Should You Bat a Kid Last as Punishment?

My younger son’s town travel coach is a nice enough white-haired retired guy who has no wife or kids. He might have played baseball in high school, and he might not have. But having him coach our team is a good match in a theoretical sense; it gives this guy something to do, and our Little League doesn’t have the money to pay for a real coach.  

I ran into problems with the coach this past summer when my son was playing on our districts team. My son struggles with the ups and downs in baseball and has had tantrums that are admittedly unacceptable. In the spring, he had a crazy tantrum after striking out twice at a game that I wasn’t at. Apparently he was yelling and cursing at my wife when she tried to calm him down. They wound up suspending him for a game. I didn’t take issue with the punishment, but I didn’t like that they didn’t tell him he was suspended until warm-ups for the following game, which took place almost a week after his freak out. My son had gone to a team practice in the interim and they said nothing about the suspension. And then to surprise him with it by calling him off the field while he was warming up with his teammates minutes before the game seemed cruel.

“You have to understand why we’re doing this,” the coach said to me.

“I have no problem with the punishment,” I said, “I just think it could have been handled better.”

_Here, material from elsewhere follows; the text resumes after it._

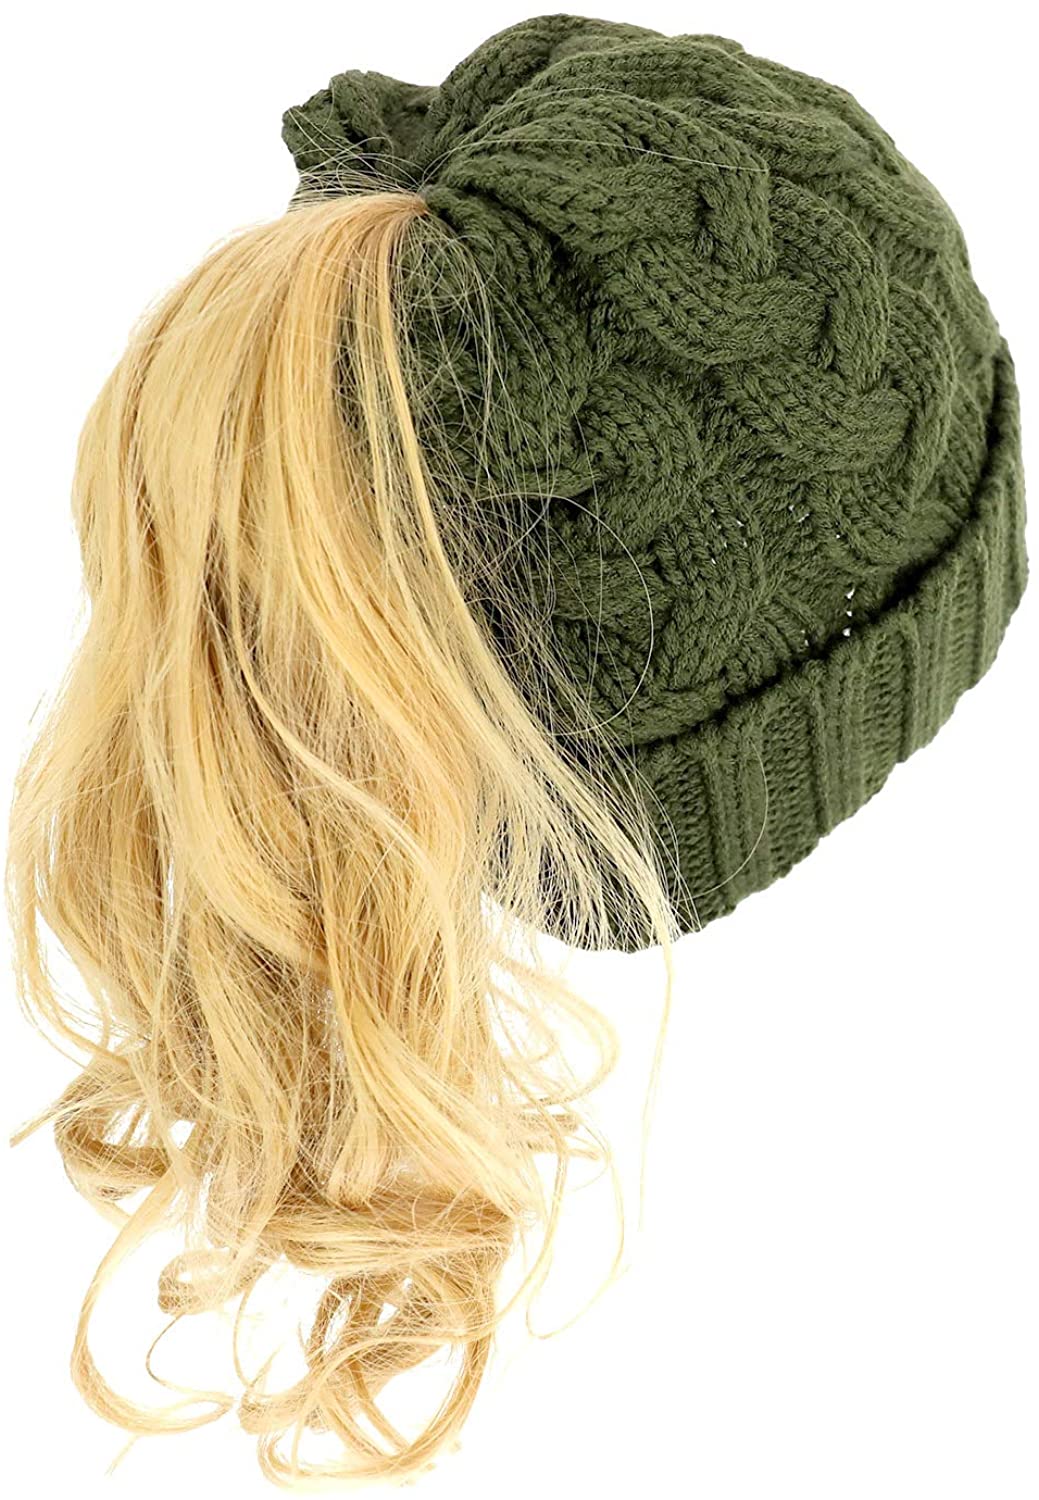 Armycrew Cable Knit Messy Bun Hair Winter Ponytail Beanie Cap

“You should have heard what he was yelling at your wife,” the coach said and then shook his head solemnly like my son had killed someone.

“I’m not arguing with the punishment,” I repeated.

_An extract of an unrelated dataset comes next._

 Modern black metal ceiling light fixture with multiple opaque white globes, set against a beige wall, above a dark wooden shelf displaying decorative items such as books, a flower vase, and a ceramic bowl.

I didn’t make an issue out of it, and my son served his suspension, and I thought the matter was done with.

However, during the summer season, my son sulked after he popped up in a districts game. As he headed back to the dugout, our coach who had been coaching third stepped out toward him and held out his hand for my son to slap. I cringed when my son left the coach hanging and disappeared into the dugout, because ideally he would have slapped the coach’s hand, but from my perspective a little sulking was progress and much better than a freak out.

The following game, an elimination game for the team, my son was batting last and playing out of position at first base. He usually batted cleanup and was one of our best fielders.

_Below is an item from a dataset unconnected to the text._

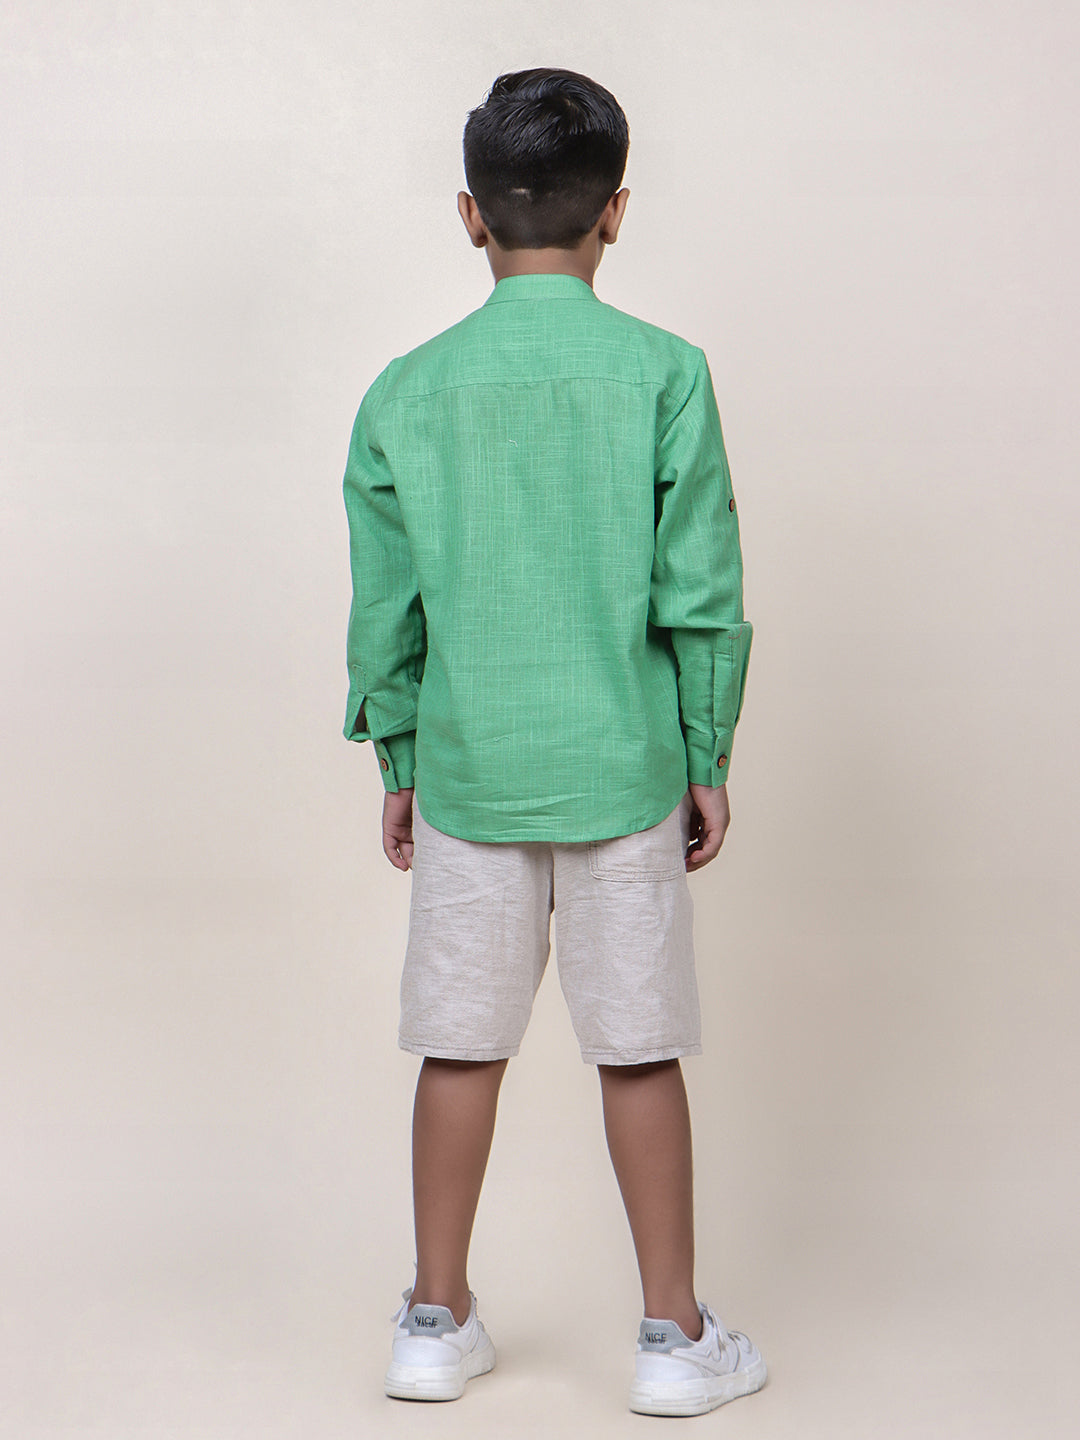 Boys Seen Colorblocked rolled up Cotton Shirt

“What did I do wrong?” he asked the coach in the dugout.

“You know what you did wrong,” the coach told him.

“I don’t know,” my son said.

“Think about it,” the coach said.  

I was livid that this coach was that petty and thin-skinned that he dropped my son in the batting order, because he hadn’t slapped his hand? I also had a major problem with dropping a kid in the batting order (to shame him?) as a punishment. For one, it sent a horrible message to the kid who normally batted last. I also thought it was making a mockery of the game. When a basketball coach has an issue with his point guard, he doesn’t play him at power forward. If Bryce Harper is flipping out too much, Rob Thomson doesn’t bat him last. This wasn’t a discipline school, and there should be some integrity for the game. This was not also a random game for us. It was an elimination game during districts.

If you had an issue with my son, suspend him again or kick him off the team or make him run laps (why did they never make him run laps as a punishment?).  

Lastly, I didn’t like he was basically still being punished for his outburst in the spring. If I had known he was going to be subject to a zero tolerance policy, where any sign of negativity on his part would be grounds for punishment, I would have pulled him from the team before the season. My son was 11 years old, and not Bobby Knight, and it takes time to work though emotional issues. It’s not an on-off switch.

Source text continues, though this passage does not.